## ABOUT THIS TASK
Would you copy each line of the data below that has "Thick"?

== EXTRACTED ENTRIES

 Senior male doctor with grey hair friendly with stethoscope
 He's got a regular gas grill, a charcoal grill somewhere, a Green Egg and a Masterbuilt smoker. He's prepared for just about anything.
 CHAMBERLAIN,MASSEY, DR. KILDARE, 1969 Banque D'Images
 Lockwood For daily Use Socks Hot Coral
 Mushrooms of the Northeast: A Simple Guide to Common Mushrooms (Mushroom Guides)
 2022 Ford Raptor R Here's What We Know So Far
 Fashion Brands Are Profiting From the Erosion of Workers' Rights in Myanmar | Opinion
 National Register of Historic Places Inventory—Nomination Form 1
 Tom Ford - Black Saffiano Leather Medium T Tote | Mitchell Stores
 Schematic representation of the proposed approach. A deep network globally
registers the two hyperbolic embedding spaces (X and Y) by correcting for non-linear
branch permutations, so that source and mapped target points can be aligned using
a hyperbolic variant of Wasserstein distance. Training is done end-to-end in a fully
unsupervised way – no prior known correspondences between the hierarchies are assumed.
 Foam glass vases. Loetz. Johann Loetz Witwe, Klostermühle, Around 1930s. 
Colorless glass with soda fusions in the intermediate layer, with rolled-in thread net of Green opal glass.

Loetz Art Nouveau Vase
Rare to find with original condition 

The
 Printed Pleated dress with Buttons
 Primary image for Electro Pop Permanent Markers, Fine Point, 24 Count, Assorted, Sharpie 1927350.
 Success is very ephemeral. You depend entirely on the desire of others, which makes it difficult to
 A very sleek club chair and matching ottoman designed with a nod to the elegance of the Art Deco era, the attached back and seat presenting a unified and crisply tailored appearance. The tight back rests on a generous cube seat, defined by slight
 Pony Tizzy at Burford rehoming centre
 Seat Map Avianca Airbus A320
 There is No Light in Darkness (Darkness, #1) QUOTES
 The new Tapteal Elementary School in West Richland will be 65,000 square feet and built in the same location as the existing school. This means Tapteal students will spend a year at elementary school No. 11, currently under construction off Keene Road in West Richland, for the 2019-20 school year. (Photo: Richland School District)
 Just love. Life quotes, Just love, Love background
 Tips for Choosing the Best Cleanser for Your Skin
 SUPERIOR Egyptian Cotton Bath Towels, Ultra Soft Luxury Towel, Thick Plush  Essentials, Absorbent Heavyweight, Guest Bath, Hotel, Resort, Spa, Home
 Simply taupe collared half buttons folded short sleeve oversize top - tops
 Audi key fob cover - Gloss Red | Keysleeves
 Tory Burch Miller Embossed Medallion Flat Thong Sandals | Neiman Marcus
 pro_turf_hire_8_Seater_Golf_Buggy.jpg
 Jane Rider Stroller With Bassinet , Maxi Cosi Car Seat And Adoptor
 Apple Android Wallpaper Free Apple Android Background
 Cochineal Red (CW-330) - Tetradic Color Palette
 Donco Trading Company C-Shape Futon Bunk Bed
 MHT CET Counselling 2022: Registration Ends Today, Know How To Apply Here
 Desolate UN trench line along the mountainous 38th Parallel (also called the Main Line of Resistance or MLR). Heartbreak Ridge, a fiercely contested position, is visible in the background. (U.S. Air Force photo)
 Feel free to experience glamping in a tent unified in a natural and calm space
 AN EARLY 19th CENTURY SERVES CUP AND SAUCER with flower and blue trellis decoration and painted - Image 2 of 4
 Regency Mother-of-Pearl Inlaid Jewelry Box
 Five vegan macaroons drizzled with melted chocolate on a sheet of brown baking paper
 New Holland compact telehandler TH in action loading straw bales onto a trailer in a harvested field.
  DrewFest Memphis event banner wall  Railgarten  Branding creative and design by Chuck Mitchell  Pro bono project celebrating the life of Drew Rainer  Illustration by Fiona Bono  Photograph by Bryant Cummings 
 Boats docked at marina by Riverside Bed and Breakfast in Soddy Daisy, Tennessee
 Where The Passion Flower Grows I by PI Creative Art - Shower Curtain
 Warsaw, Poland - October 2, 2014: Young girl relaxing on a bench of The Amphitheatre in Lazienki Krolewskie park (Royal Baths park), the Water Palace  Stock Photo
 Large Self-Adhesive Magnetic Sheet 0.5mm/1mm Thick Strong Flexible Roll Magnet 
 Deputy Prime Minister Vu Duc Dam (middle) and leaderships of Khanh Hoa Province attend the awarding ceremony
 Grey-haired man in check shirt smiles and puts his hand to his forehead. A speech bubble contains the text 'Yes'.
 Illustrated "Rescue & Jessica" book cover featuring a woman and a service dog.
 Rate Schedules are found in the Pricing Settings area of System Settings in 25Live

====

## ANSWER SPACE
 SUPERIOR Egyptian Cotton Bath Towels, Ultra Soft Luxury Towel, Thick Plush  Essentials, Absorbent Heavyweight, Guest Bath, Hotel, Resort, Spa, Home
 Large Self-Adhesive Magnetic Sheet 0.5mm/1mm Thick Strong Flexible Roll Magnet 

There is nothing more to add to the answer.